Mekanın çok bilinmemesi şehrin karmaşasından sıkılanlar için güzel bir kaçış imkanı sağlıyordu. Kaostan kaçmak yerine bu kargaşada düşünmeye karar verdi. Garson ne içmek istediğini sorduğunda keskin bir biçimde rakı cevabını aldı. Zihni o kadar doluydu ki ne istediğinden emin bile değildi. Bu şehrin kalabalığı her geçen gün daha da büyüyen bir bataklık gibiydi. Şehir, insanların umutlarını emip, onları yalnızca birer sayı haline getiriyordu. Oktay sadece bir muhasebeciydi. Hayalleri, umutları, istekleri vardı her insan gibi. Ancak her sabah aynı rutine dönüyordu. Bu aynı durumu terk etmeliydi. Farklılıkları ile…

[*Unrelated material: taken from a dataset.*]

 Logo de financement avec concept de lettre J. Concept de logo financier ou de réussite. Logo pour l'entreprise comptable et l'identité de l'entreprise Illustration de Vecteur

Garson rakıyı o düşüncelerine dalgın bir haldeyken önüne bırakmıştı. Rakıdan bir yudum aldı. Sert acı tat damağında yayıldı. Boğazından aşağıya yakarak indi bu sıvı. Bu acı tat onu gerçekliğe geri döndürdü. Şu anda bir meyhane masasında oturuyor olmasına rağmen zihni bambaşka düşüncelerin kıyasında dolaşıyordu. Kendi varoluşunu sorguluyordu .

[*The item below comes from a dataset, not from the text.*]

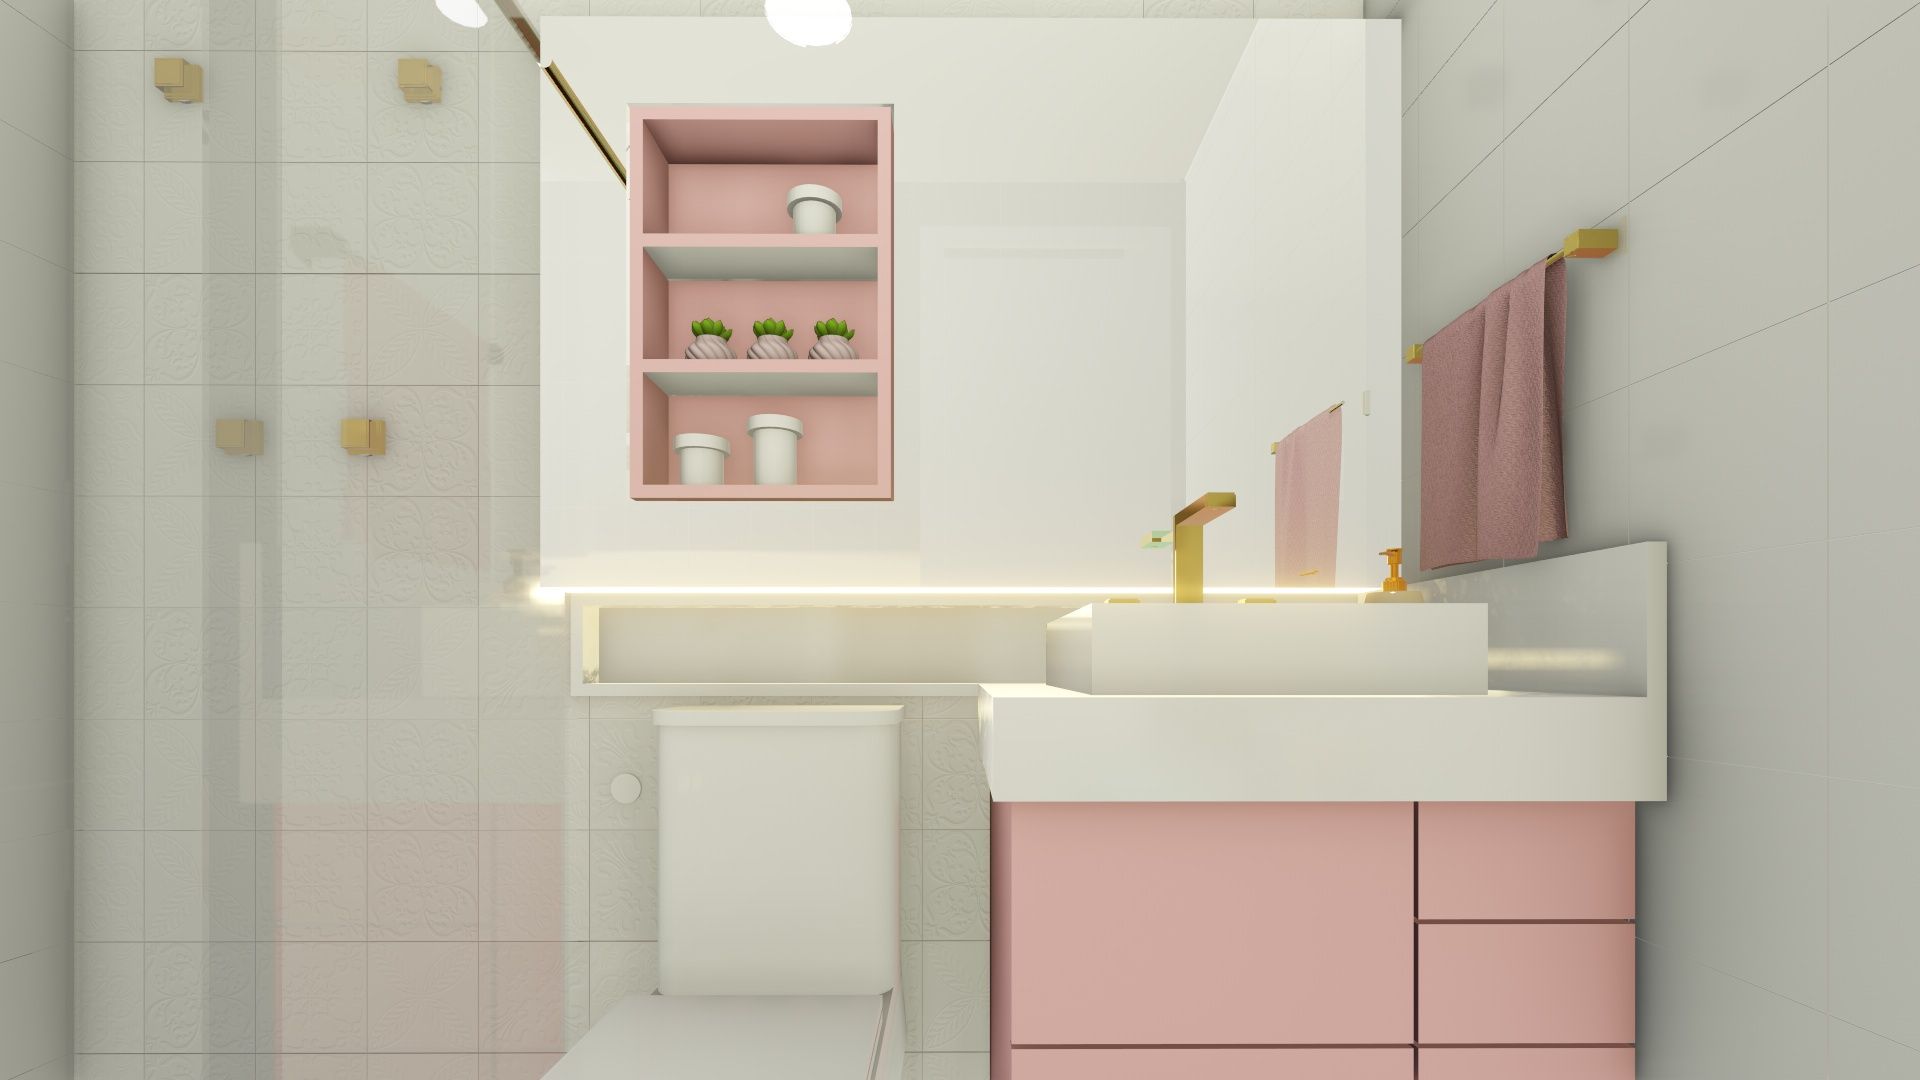 Apartamento de Cobertura com Terraço, Joana Rezende Arquitetura e Arte Joana Rezende Arquitetura e Arte Banheiros modernos rosa e branco,banheiro pequeno,banheiro branco

“Neden buradayım? Neden bu kadar kaybolmuş hissediyorum? “ diye sorgulamaktan kendini alamıyordu. Bu şehir ona sadece kaosu armağan ediyordu. Oktay için bu döngüyü kırmak, kaosun içinden sıyrılmak istiyordu. Maalesef bu giderek zor bir biçime girmişti. İstediği şey neydi? Belki kitapların arasında huzur belki de yazmak düşüncelerini kağıda dökmekti. Bu şehirdeki boğucu havadan tek kaçışıydı yazmak. Fakat şehir bu kaçışa imkan vermiyordu.
Gözleri masadaki kadehi buldu. İnsanlar birlikte gibi görünmesine rağmen hepsi yapayalnızdı. Herkes kendi dünyalarında kendi savaşlarını veriyordu. Bu şehir insanları farklı insanlara dönüştürüyor, onları tüketiyor, geriye sadece gölgelerini bırakıyordu. Gölgenin bir parçası olmak istemiyordu. Garson tekrar masaya yaklaştı ikinci kadehi doldurup uzaklaştı. Bir süre burada kalıp düşünmeye devam etmek istedi. Bir gün bu kaosun dışında yer almaya kararlıydı. Yoksa bu şehrin kaos girdabında varlığı bir gölge olarak kalacaktı.